To the casual baseball fan the proliferation of sabermetric data and statistics in the sport may seem overwhelming and difficult to grasp; particularly with so many of these metrics getting bizarre notations like BABIP, wRAA, wRC+, and so on. These metrics deviate from the metrics most of us used growing up with the game, things like HR, BB, AVG, and RBI, both in terms of what they measure as well as their tangible-ness to the average fan watching the game. When Andrew McCutchen hits a single, most people understand that that means his Batting Average will increase by some amount. But as to what that hit meant in terms of his wRC+ or his WAR? Even if that formula was known to the average fan, you’d nearly have to be a doctoral candidate in statistics to be capable of doing that type of math in your head.

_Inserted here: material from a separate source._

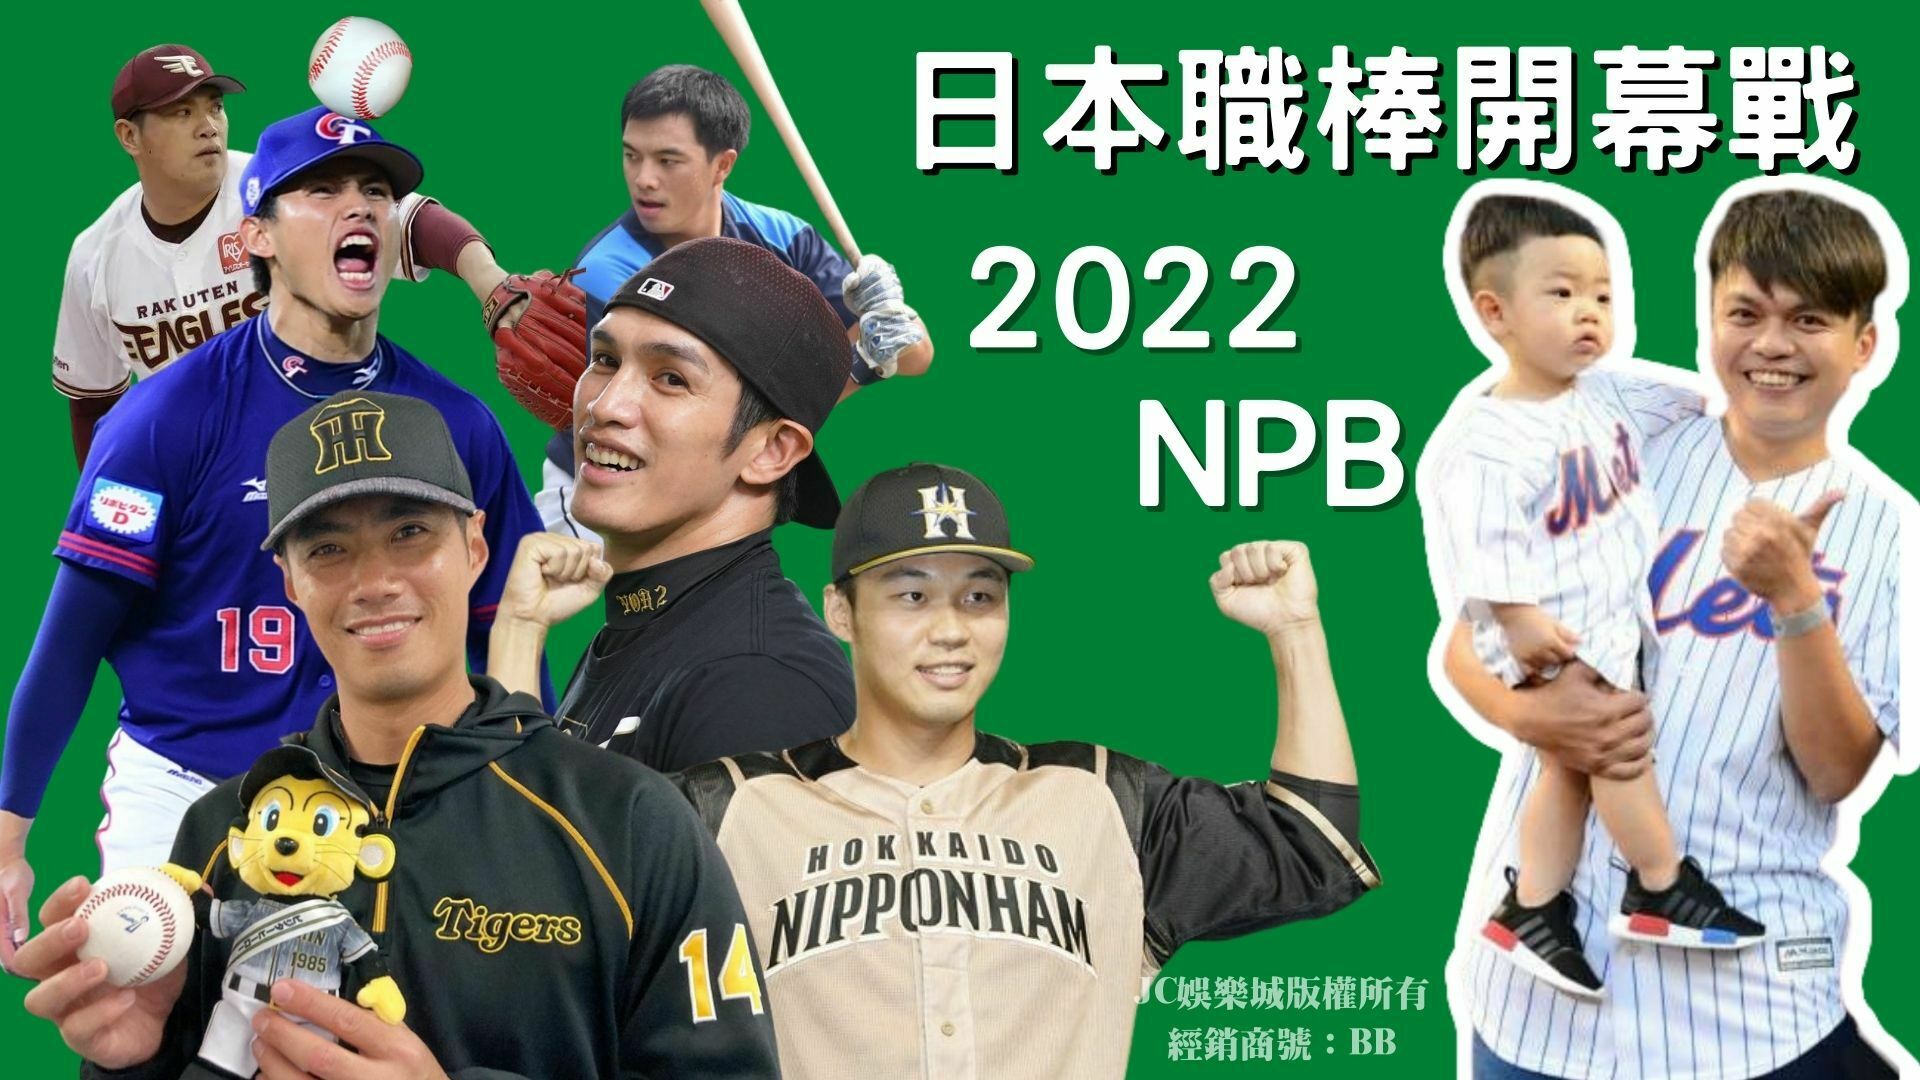 日本職棒開幕戰2022

However, not all sabermetrics are quite so complex, enter On Base Percentage (OBP), Slugging Percentage (SLG), and On Base Plus Slugging (OPS). The formulas for these are much more intuitive to the average baseball fan, and go as follows;
OBP = (Walks+Hit By Pitch+Hits)/Plate Appearances
SLG = (1*1B+2*2B+3*3B+4*HR)/At Bats
OPS = OBP+SLG
OBP is similar to Batting Average (AVG) as it measures how often a player reaches base safely, however, it differs by also including walks, and dividing by plate appearances not at bats. Rather than assessing simply the ability of a player to get on base with a hit, OBP represents how often a player gets on base every time they step to the plate, as any player who gets on base is obviously more likely to score than one that does not, and is thus more valuable asset to the baseball club. In other words, if there were two players with the same AVG, but one had a OBP of .370 and the other had one of .300, the player with a .370 OBP would help their team win more games, by virtue of them getting out less frequently and helping score more runs.
SLG, is similar to batting average in that it only assess At Bats (AB), or times when the player either puts the ball in play, or strikes out but ignores walks and HBPs. Where SLG differs from AVG is that it weighs the type of hit the batter gets based on the number of bases they achieve; so a single is weighed as worth 1, a double is worth 2, triple worth 3, and home run worth 4. SLG assess a batter’s value based on the quantity of bases they collect with each At Bat, because the more bases taken in one swing of the bat, the more likely that person is to score. A runner who has just hit a triple and is standing at third base is more likely to be driven in by later batters than someone who hits a single.
OPS attempts to combine the advantages of these two statistics into one by simply adding the two together; therefore, not leaving out the value of extra base hits, like in OBP, and not leaving out the value of walks like in SLG. Despite its obvious advantages, there is a clear mathematical problem with OPS and that is that you cannot add two things without a common denominator. ½ +⅓ does not equal ⅖ but rather ⅚. Despite this logical flaw, OPS can give us a good indication of any given batter’s contribution to the team in an easily quantifiable way. Because OPS is not mathematically valid, other sabermetrics have been developed to address this issue.
The primary “rival” statistic to OPS is a stat known as Weighted On Base Average or wOBA. wOBA is calculated by weighing each outcome of a Plate Appearance in terms of their respective Run Value, which can loosely be interpreted as the likelihood of that type of hit or walk resulting in a run. To make this idea more clear here is the wOBA formula for the 2016 season;
wOBA = (0.691*uBB+0.721*HBP+.878*1B+1.242*2B+1.569*3B+2.015*HR)/Plate Appearances
In essence, the Run Value of a home run in 2016 meant that an average of 2.015 runs scored for every home run hit, and so on for singles, doubles, triples, unintentional walks, and hit by pitches.
In theory, wOBA does a better job of encompassing the entirety of a player’s offensive value to the team than OPS does, because of how it weighs each batting event; a single is more valuable than a walk in terms of possibility of runs scoring, because a player on second base can score on a single, but never can on a walk. Alternatively, OPS basically weighs walks and hits as being the exact same, each worth 1. Because of wOBA’s results-based weighing of the value of each batting event, and its avoidance of the mathematical errors, it is the preferred statistic among many online sabermetricians.
Perhaps it is simply my contrarian nature or perhaps my distaste for the easiest answer, but I decided to take a more rigorous look into this assumption that wOBA is the “better” of the two statistics. Before delving into the statistical analyses to be presented I would first like to cover a few important notes and definitions;
- The data set used was the individual season stats for each of the 30 baseball teams between 2010 and 2016, resulting in 210 unique observations and 30 groups
- I will be using various methods of statistical regressions, a method of finding the most accurate “trendline” possible through a set of data.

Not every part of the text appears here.